Merkel ally calls for Europe to retaliate if Trump imposes trade tariffs

German Chancellor Angela Merkel and Volker Kauder (L), 
German Chancellor Angela Merkel and Volker Kauder (L),  Credit: Steffi Loos/Getty Images

Europe should impose punitive tariffs on imports from the United States if President Donald Trump acts to shield U.S. industries from foreign competitors, a senior ally of German Chancellor Angela Merkel said in a newspaper interview.

Trump has already formally withdrawn the United States from the Trans-Pacific Partnership trade deal, distancing America from its Asian allies, and vowed to renegotiate the U.S. free-trade deal with Canada and Mexico.

The tycoon-turned-president has also threatened German carmakers with a border tax of 35 percent on vehicles imported into the U.S. market, saying such a levy would help create more jobs on American soil.

“If Donald Trump imposes punitive tariffs on German and European products, then Europe should also impose punitive tariffs on U.S. products,” Volker Kauder, parliamentary floor leader of Merkel’s conservatives, told the Funke media group in an interview published on Saturday.

Angela Merkel
Angela Merkel Credit: Odd Andersen/AFP

“We cannot accept everything,” Mr Kauder added.
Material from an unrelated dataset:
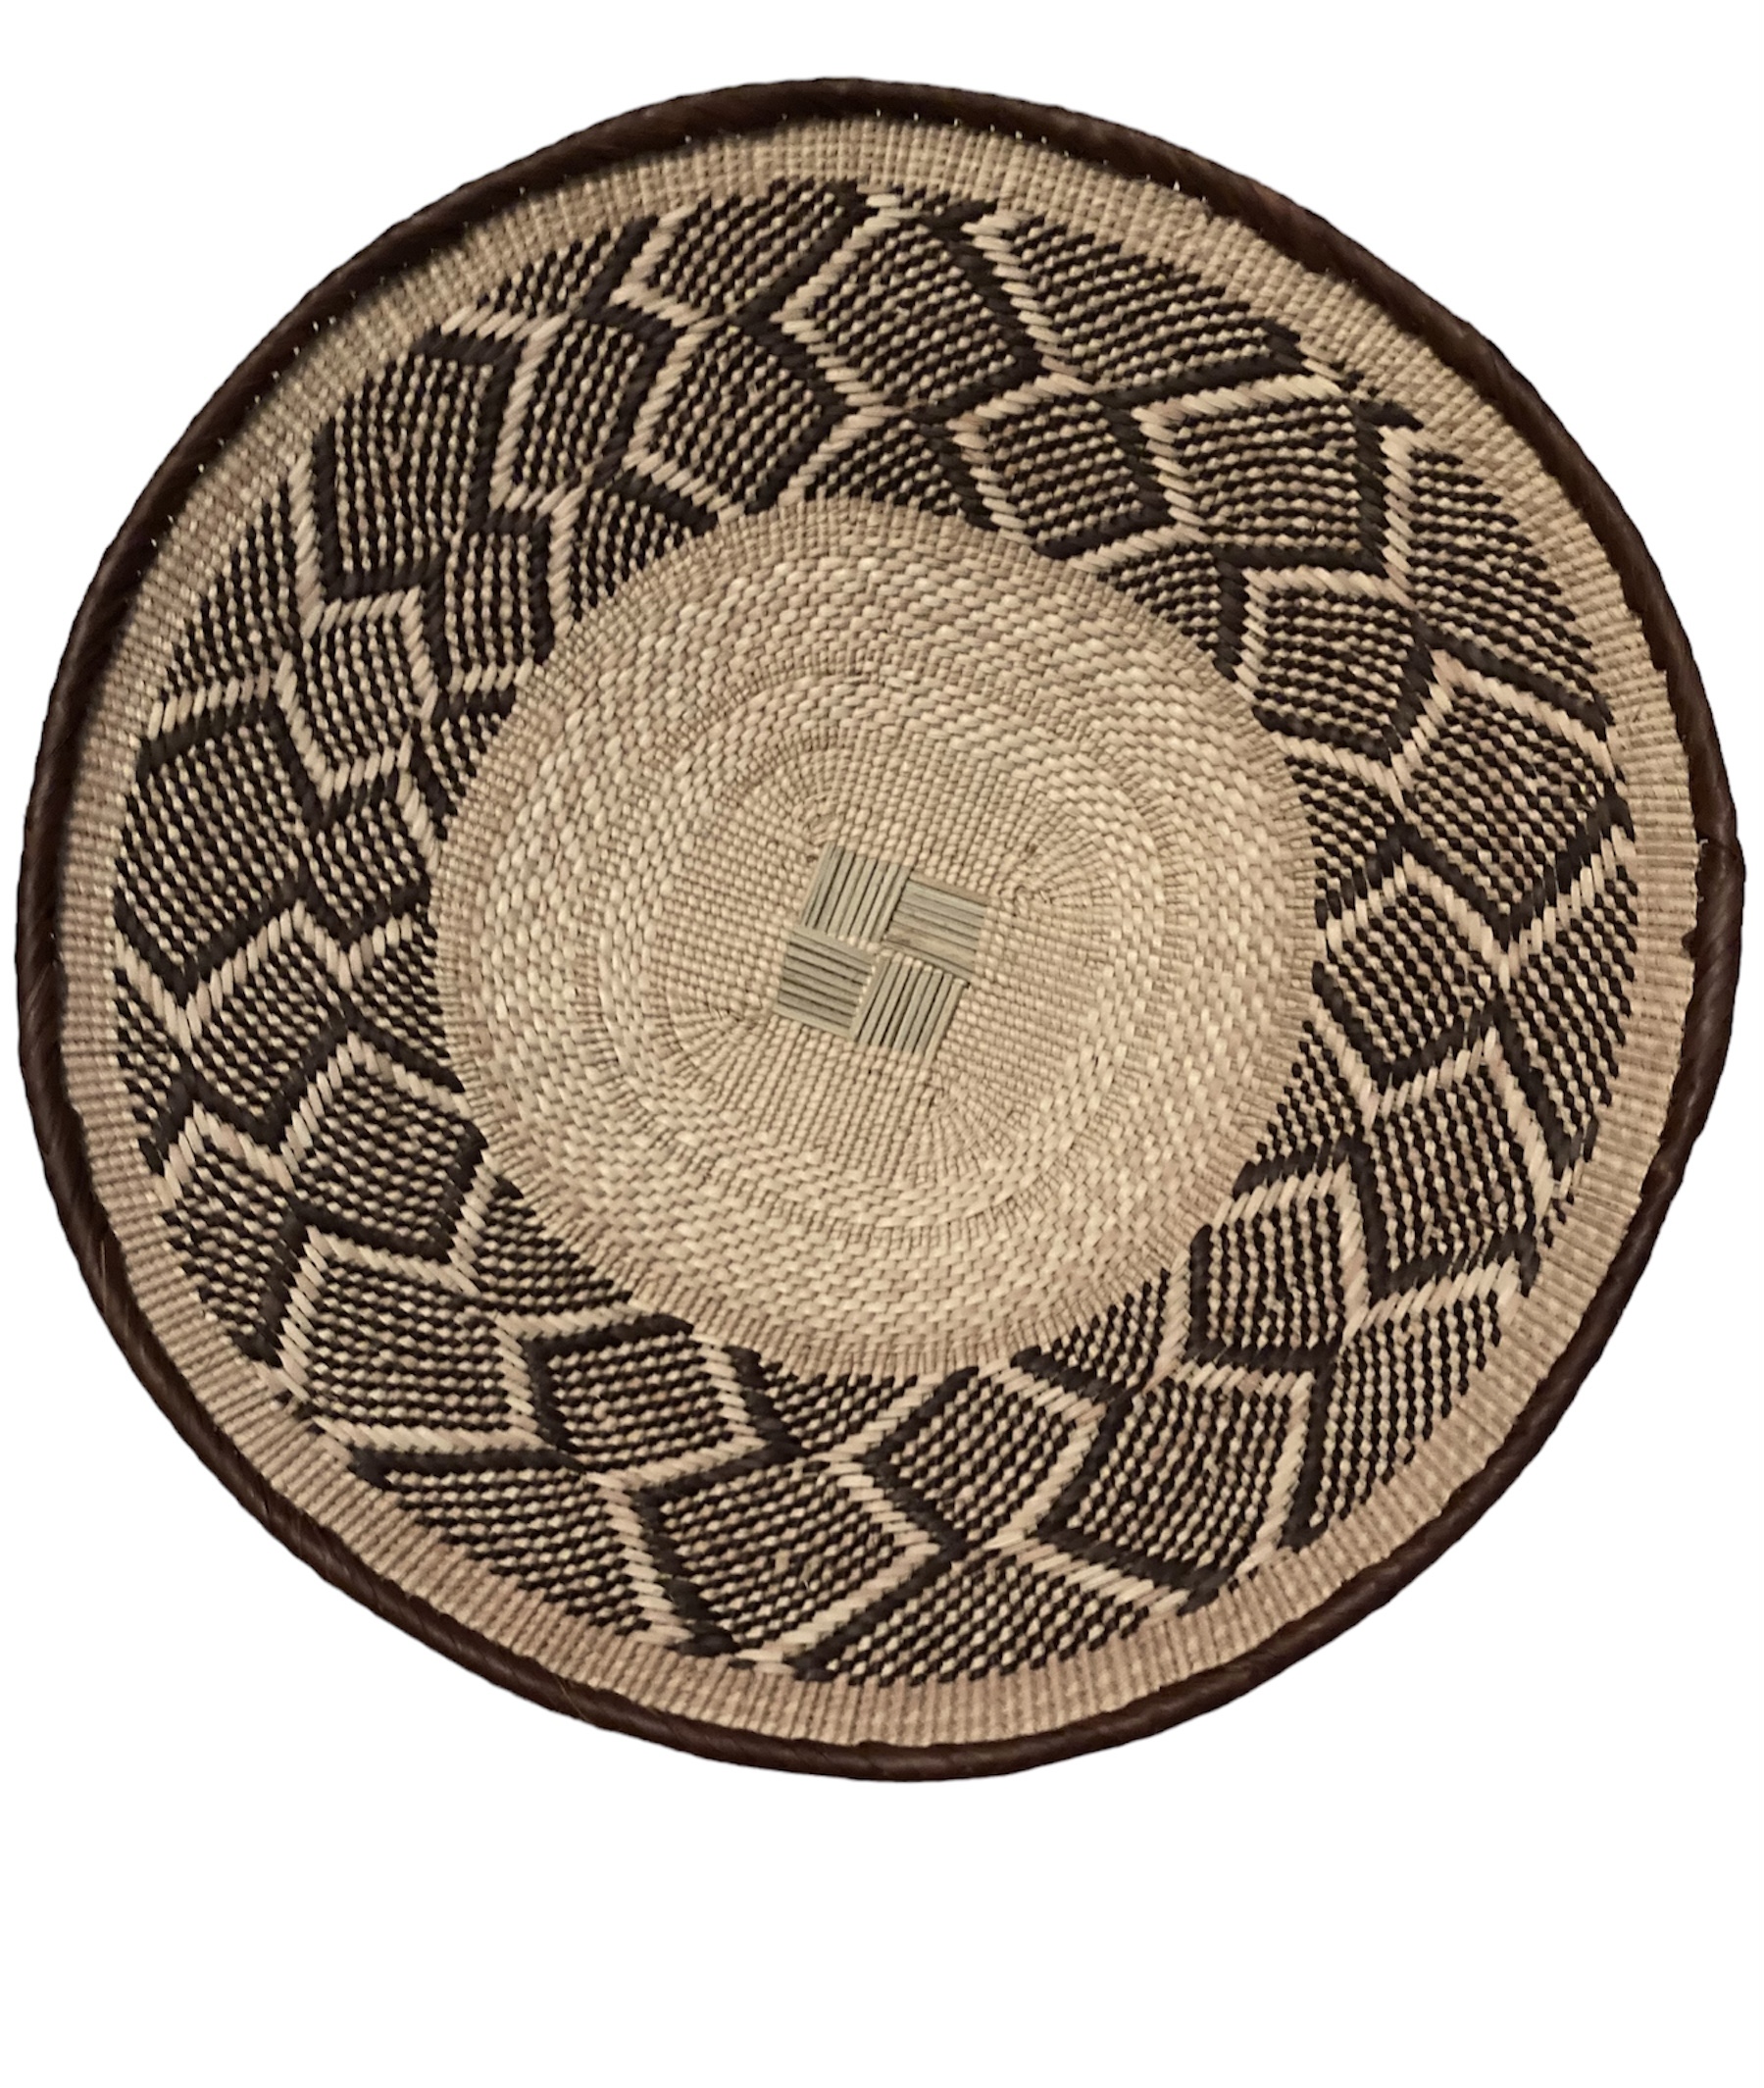 Tonga Basket from Zimbabwe - Design #008 - 15 /12\" dia.

He said German officials would have to remind “our friends in Washington” that trade wars in the past had already shown that both sides only lost from such measures.

“We just have to say calmly and with self-confidence: If Trump carries out what he said, then Europe must react,” Mr Kauder said.

The German government has vowed to protect global free trade after Trump threatened protectionist measures and his top adviser on trade accused Germany of exploiting a weak euro to boost exports.

German Vice Chancellor Sigmar Gabriel has suggested that the European Union should refocus its economic policy toward Asia, should the Trump administration pursue protectionism.

In a sign of already shifting trade flows, China became Germany’s most important trading partner for the first time in 2016, overtaking the United States, which fell back to third place behind France, data showed on Friday.